* _What is needed_
For this exercise, output the entries below exactly from the line that holds "Have You and" to the line that holds "Vikings QB Kirk", both ends included. No pictures belong in the copy.

* _Exercise material_
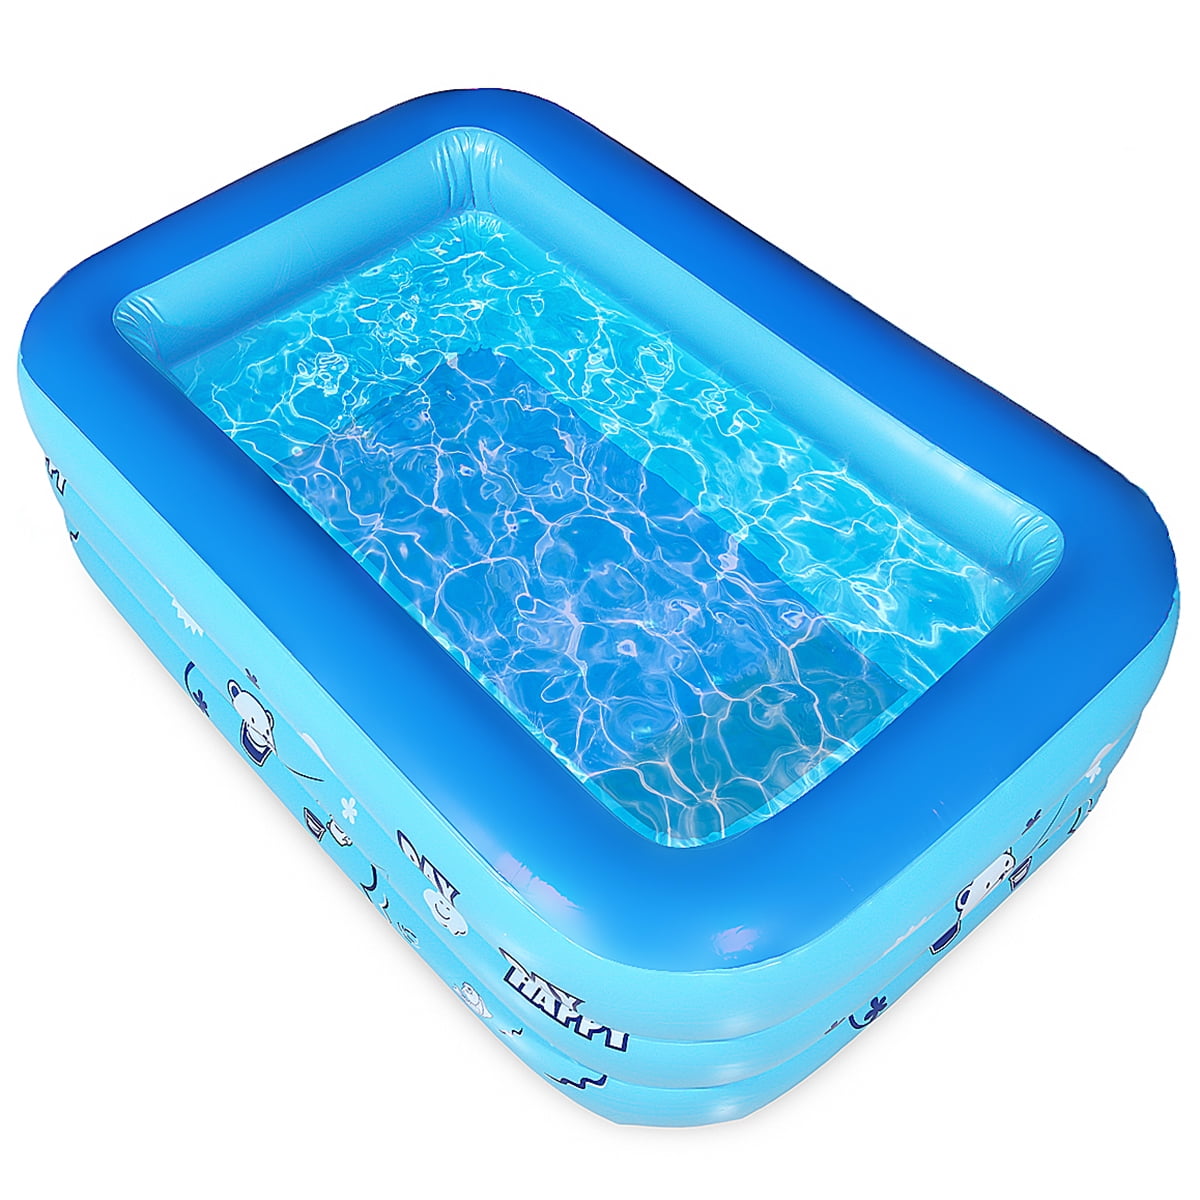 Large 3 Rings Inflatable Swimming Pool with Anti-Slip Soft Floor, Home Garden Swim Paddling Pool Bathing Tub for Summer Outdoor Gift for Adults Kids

...

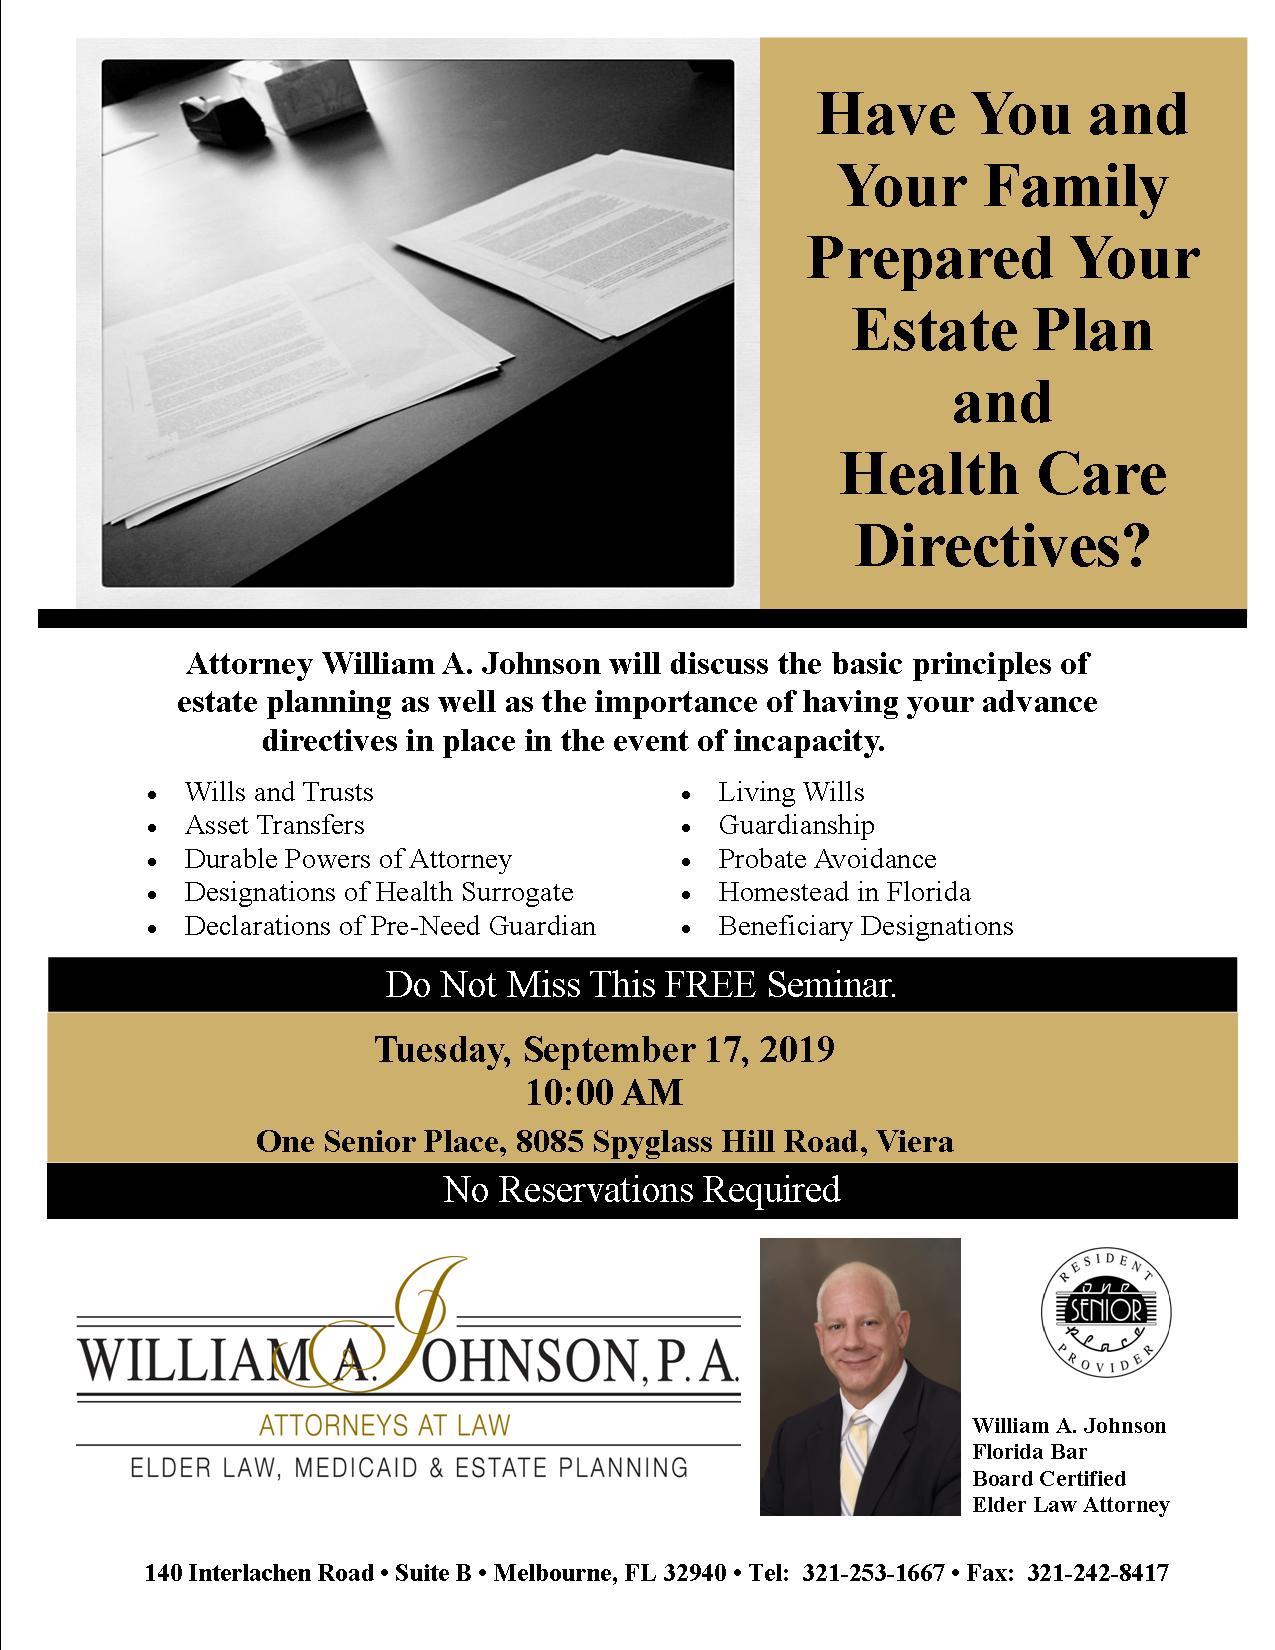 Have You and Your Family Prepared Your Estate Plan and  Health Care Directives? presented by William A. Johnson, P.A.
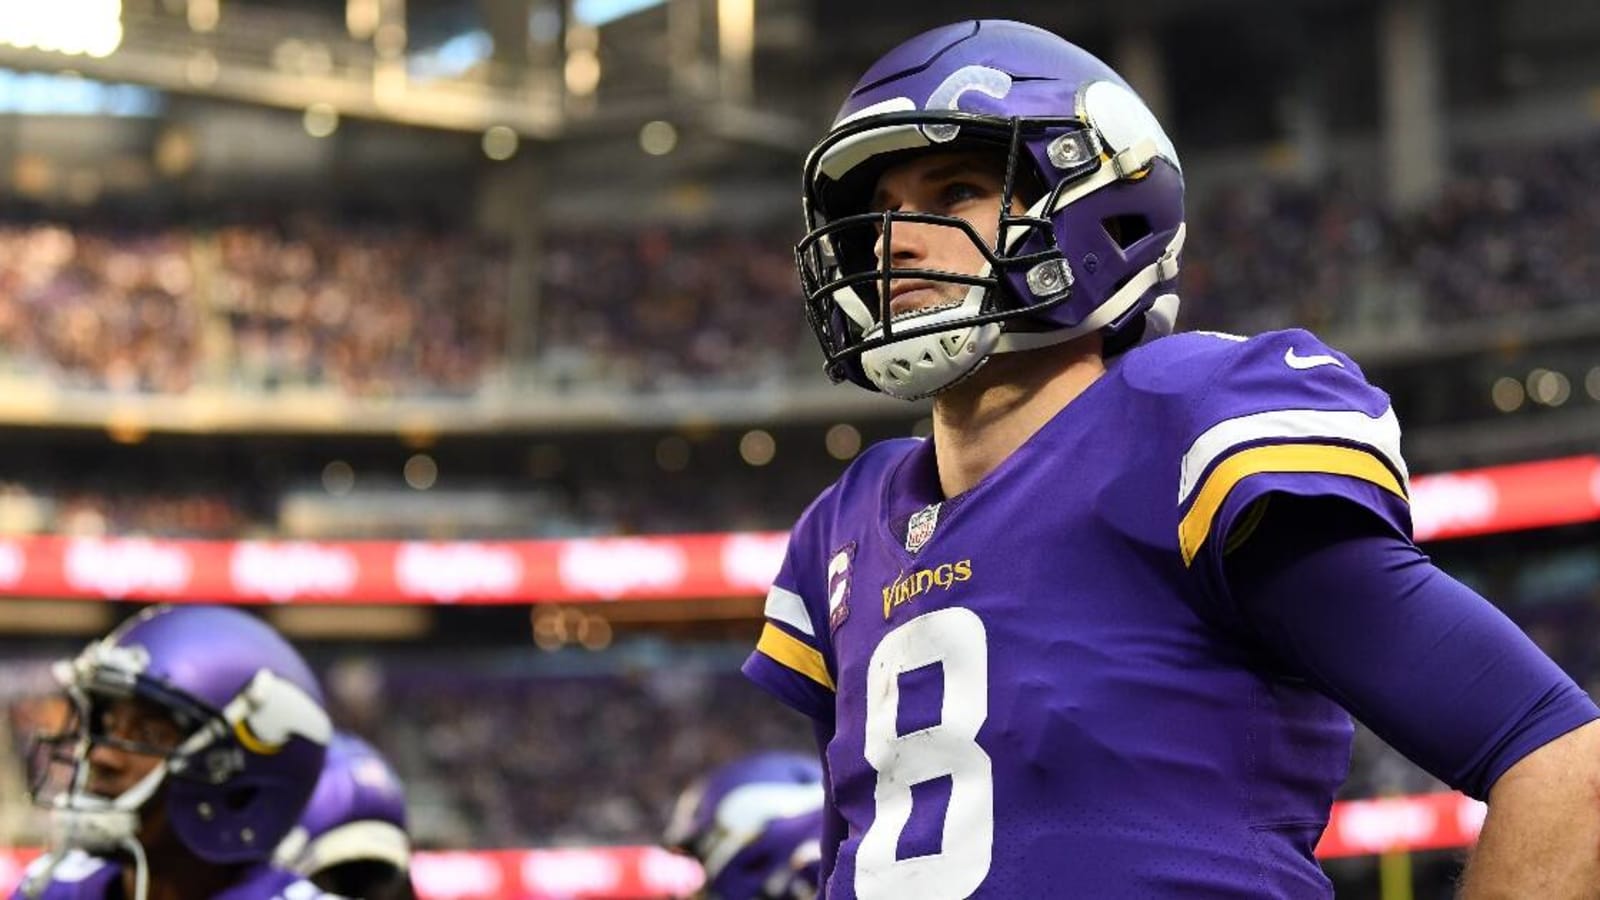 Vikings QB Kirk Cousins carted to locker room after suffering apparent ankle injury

---

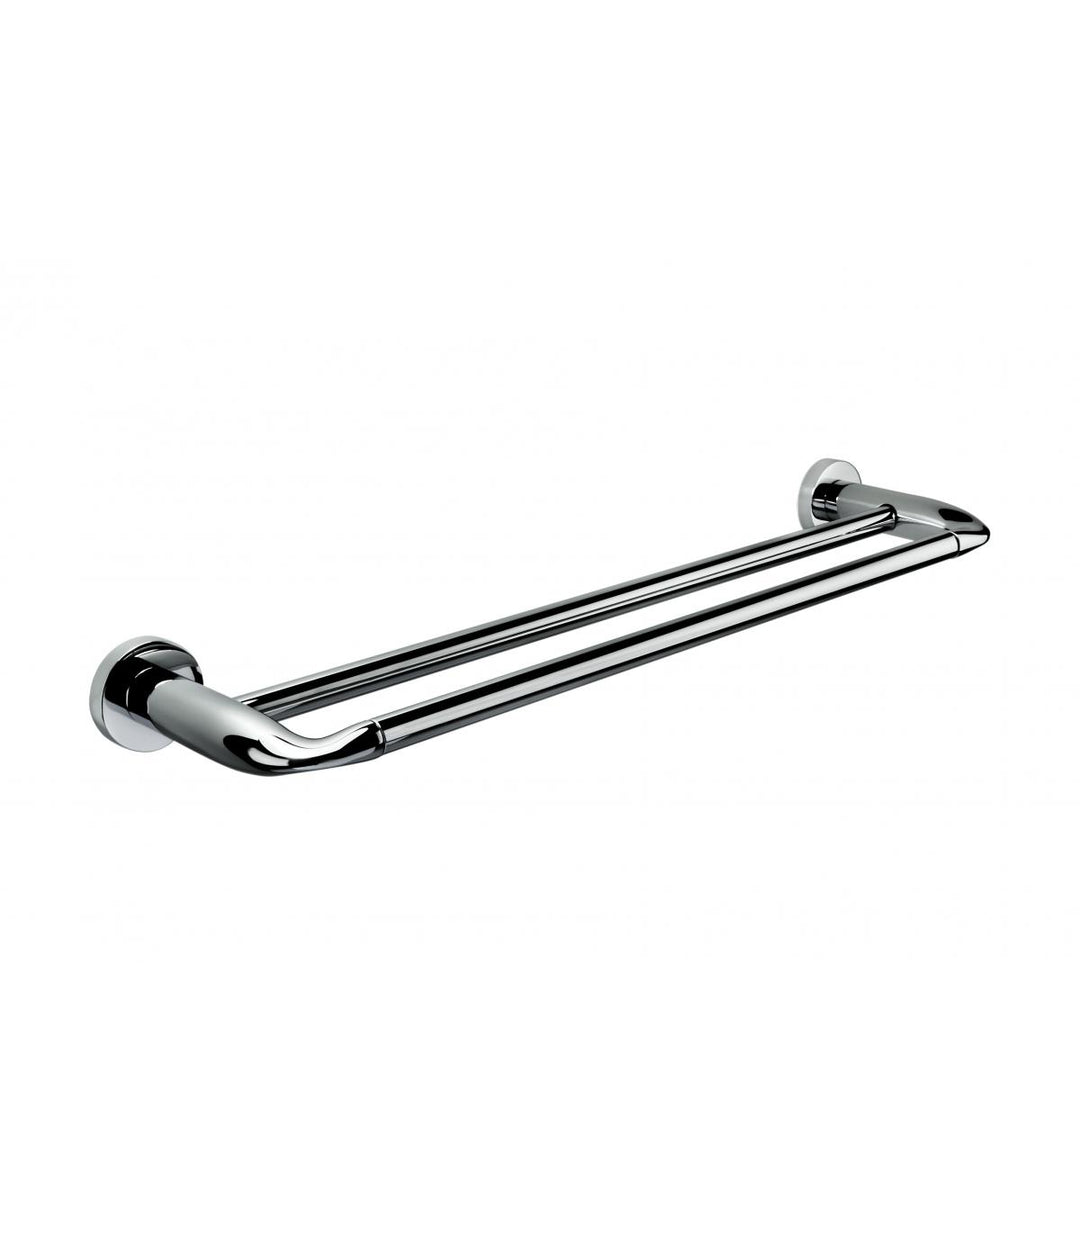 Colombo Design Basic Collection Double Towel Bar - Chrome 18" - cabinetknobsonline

* _Output below_
 Have You and Your Family Prepared Your Estate Plan and  Health Care Directives? presented by William A. Johnson, P.A.
 Vikings QB Kirk Cousins carted to locker room after suffering apparent ankle injury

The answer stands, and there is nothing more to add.